# sound aus dem Browser aufnehmen (Windows7)



## sight011 (8. Juli 2014)

Hey liebe Leute,

ich weiß noch früher konnte man ganz einfach mit Cubse seine Stereosumme des Laptops aufnehmen.
Das geht heute mit Windows 7 scheinbar nicht mehr so leicht.

Hat jemand trotzdem eine Idee wie ich das hinbekomme? (Es ist kein Youtubestream oder ähnliches)


----------



## ComFreek (8. Juli 2014)

Hallo,

du könntest Folgendes versuchen:

1. Rechtsklick auf das Lautsprechersymbol in der Taskleiste. Wähle "Aufnahmegeräte".
2. Rechtsklick auf ein Mikrofon. Wähle Eigenschaften.
3. Aktiviere das Abhören im Abhören-Reiter. Hier musst du ein entsprechendes Wiedergabegerät auswählen.
4. Öffne ein Audioaufnahmeprogramm. (Bspw. den in Windows integrierten Soundrecorder, VLC oder Audacity)
5. Nimm von dem ausgewählten Mikrofon auf.


----------



## Matze (8. Juli 2014)

Tach sight11!

Ich hatte das immer mit Audacity gemacht. Oben Rechts einfach als Aufnahmequelle die Ausgabequelle eingetragen. Evtl. muss man hierfür in Windows noch unter Systemsteuerung\Hardware und Sound\Sound unter dem Register Aufnahme mit der rechten Maustaste die Deaktivierten Geräte anzeigen lassen.

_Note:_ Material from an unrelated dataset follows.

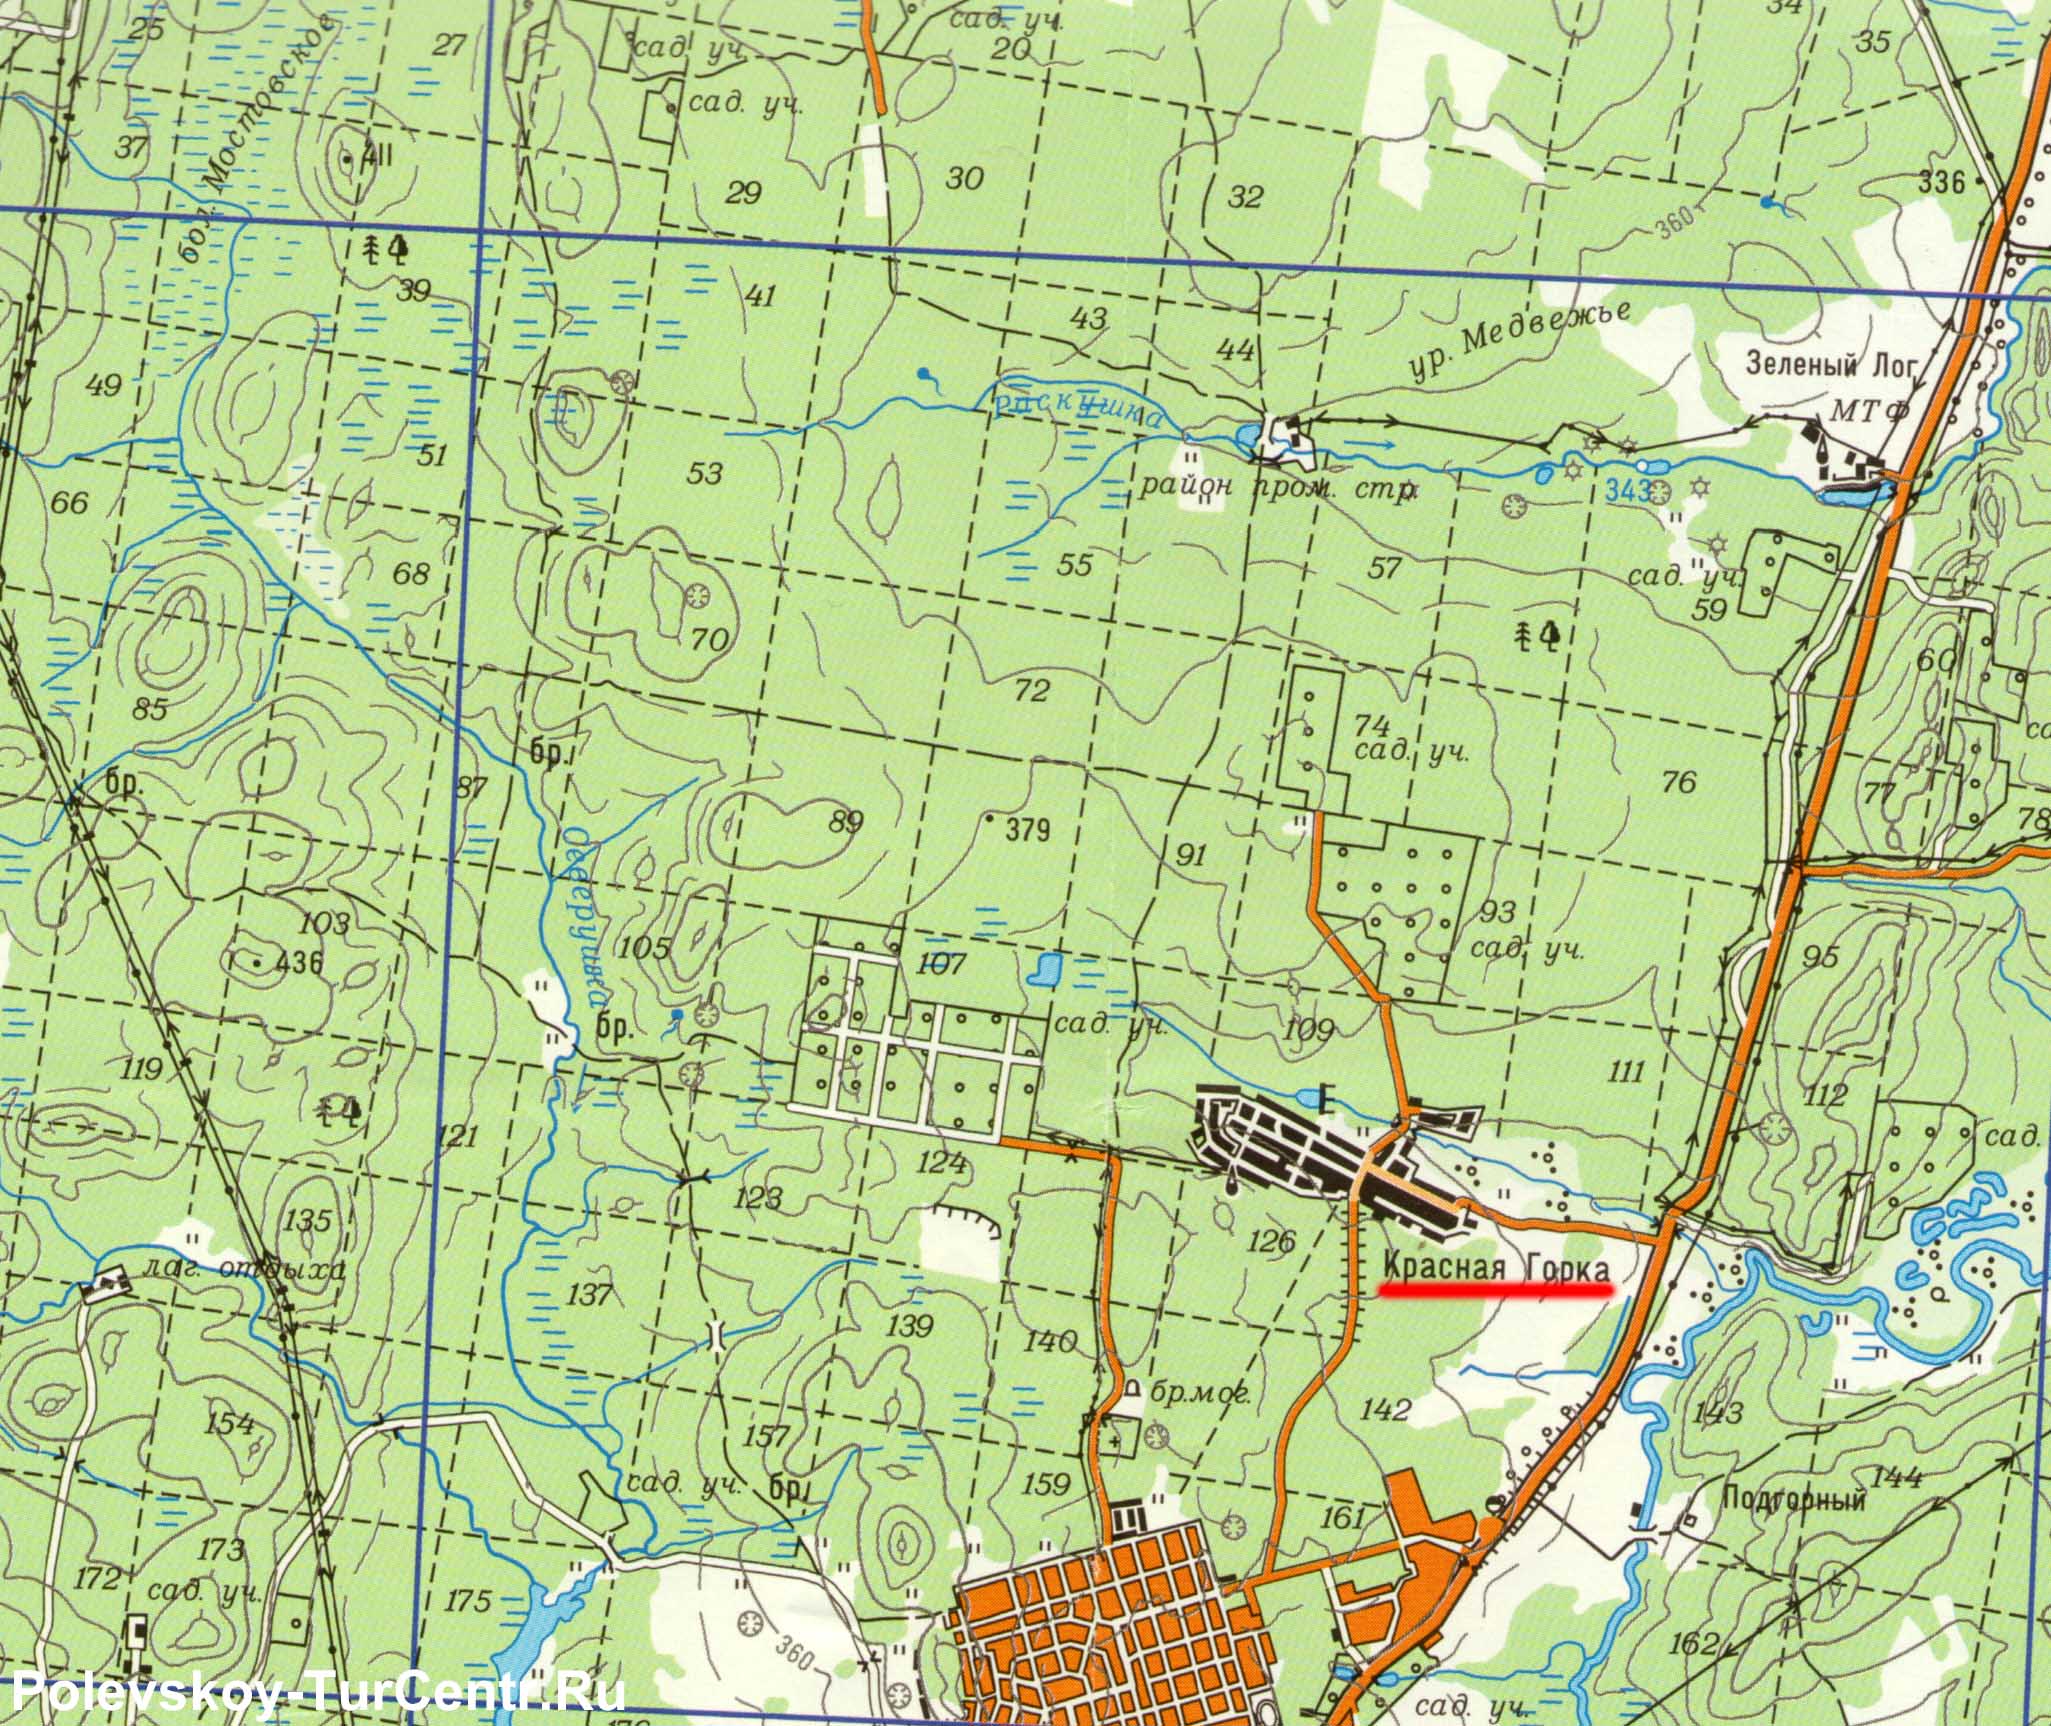 Карта посёлка Красная Горка с окрестностями (2010 г.)

Oder ganz billig: Kabel vom Kopfhörerausgang in den Mikro-Eingang stecken


----------



## Martin Schaefer (8. Juli 2014)

Wichtigste Frage in dem Zusammenhang:
Welche Soundkarte bzw. Audio Interface bzw. Soundchip?


----------



## ComFreek (8. Juli 2014)

Matze hat gesagt.:


> Ich hatte das immer mit Audacity gemacht.


Das ist ja eine einfache Lösung! Ich musste bei mir "Windows WASAPI" auswählen, um beim Aufnahmegerät meinen Lautsprecher auswählen zu können.


----------